Kısacası tartışmanın esası hangi seçim, neyin seçimi, neden seçim sorularına bağlanmakta ama bunların konuşulması beklenmiyor.

Kuşkusuz bu netameli konuların CHP ve İmamoğlu için çelişkili yanları da var. Çünkü, onlar, başta YSK kararı olmak üzere Erdoğan ve AKP politikalarına karşı reddiyeci, ayrıştırıcı bir tutum almanın, ya da yolsuzlukları üstelemenin  kendileri için bazı sakıncaları olduğunu düşünmekteyken, olağandışı hallere, hukuk dışı kararlara karşı etkili bir duruş sergileyememelerinin politikasızlığa mahkum olmak gibi olumsuz sonuçları da söz konusu.

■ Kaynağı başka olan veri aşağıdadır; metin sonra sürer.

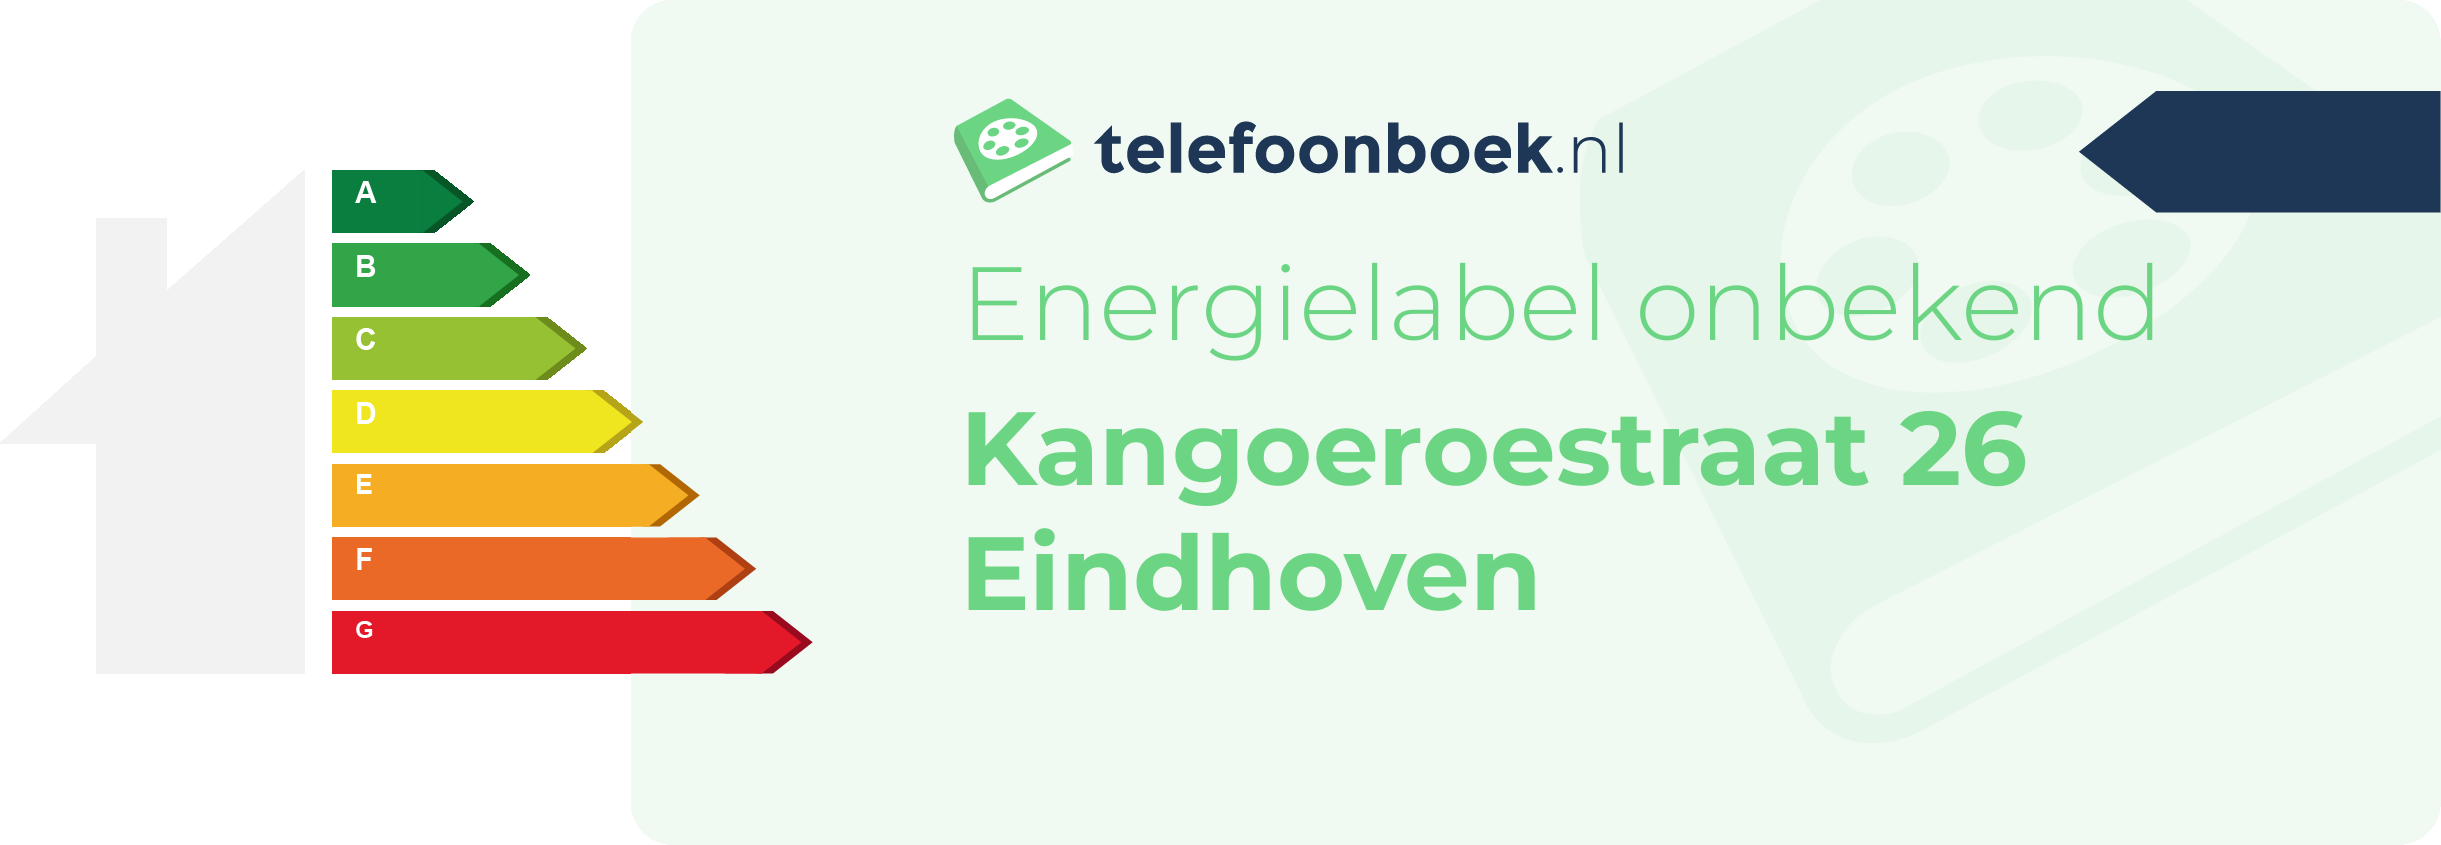 Energielabel Kangoeroestraat 26 Eindhoven
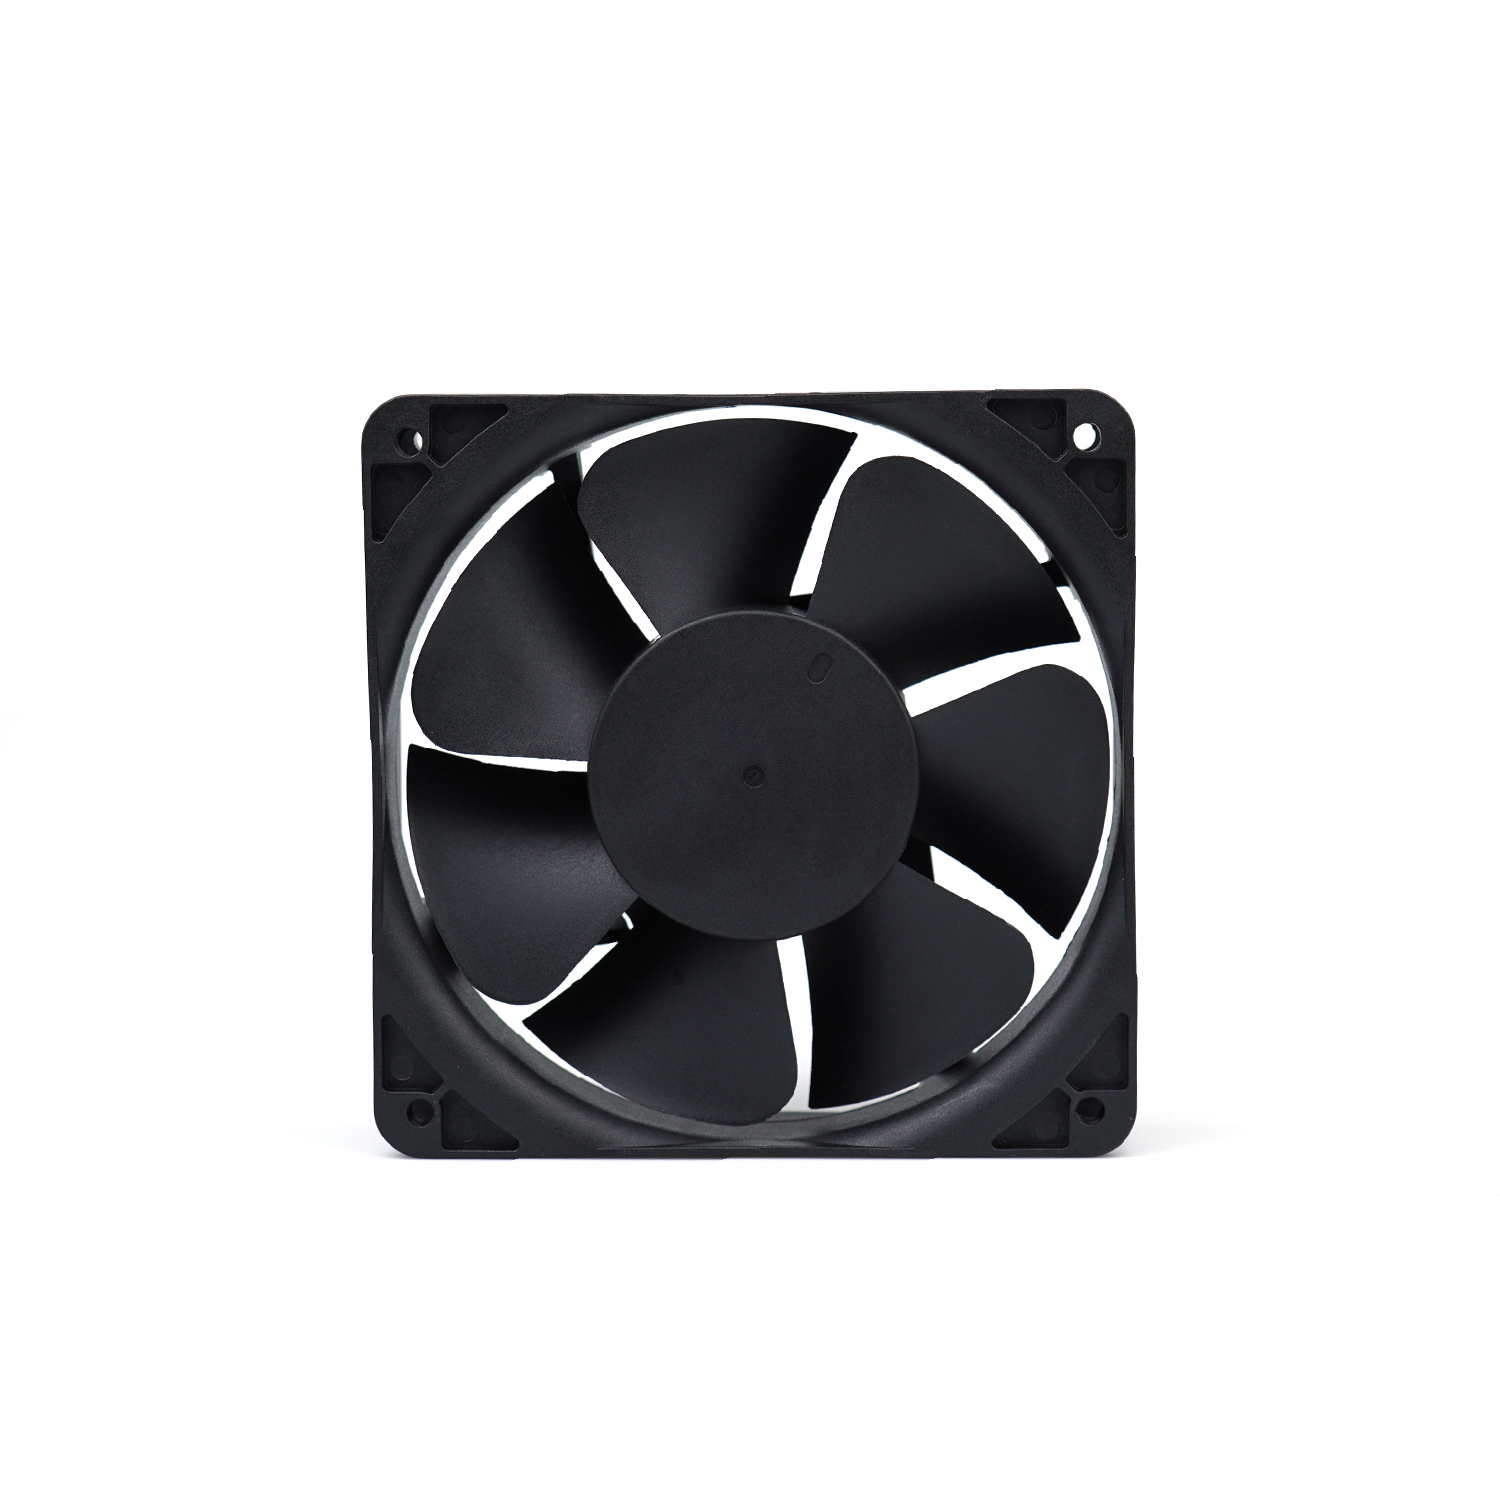 12032 cooling fan 12V dc axial flow fan 120mm

Bu paradoks, İstanbul ve İmamoğlu örneğinde bir ölçüde aşılmış görünse de, hala geçerli.  İmamoğlu bir yandan seçimlerin gayri meşruluğunu vurgularken, öte yandan uzlaşmacı, kucaklayıcı kimliğinin bir uzantısı olarak ekran yarışmasına katılmakta.

İmamoğlu uzlaşmacı olmaya çalışır ve bu tartışmaya katılarak İstanbul’u konuşmakla yetinirken, iktidarın sürekli empoze ettiği “olağandışılığın olağanlaştırılması”  halini de kabullenmiş olmakta. Aslında bu tutum, umut ve alternatif olmaya da ters!…

Çünkü, 31 mart seçimlerinde verilmiş ve 23 haziran seçiminde de değişmeyecek oylar dışında kalan ve kararsız oldukları düşünülen oyları asıl etkileyecek nokta temelde bu haksızlık…

Öte yandan, muhalefet kanadında yükselen umutta İmamoğlu’nun kimliği ve duruşundan önce, bu ülkede iktidarın ve ülkenin gidişatı karşısında yükselen kaygı ve korkuların payı büyük.

Bunlar dikkate alınınca da, umut vermek adına, nerelere vurgu yapmak gerektiği açıklık kazanmakta.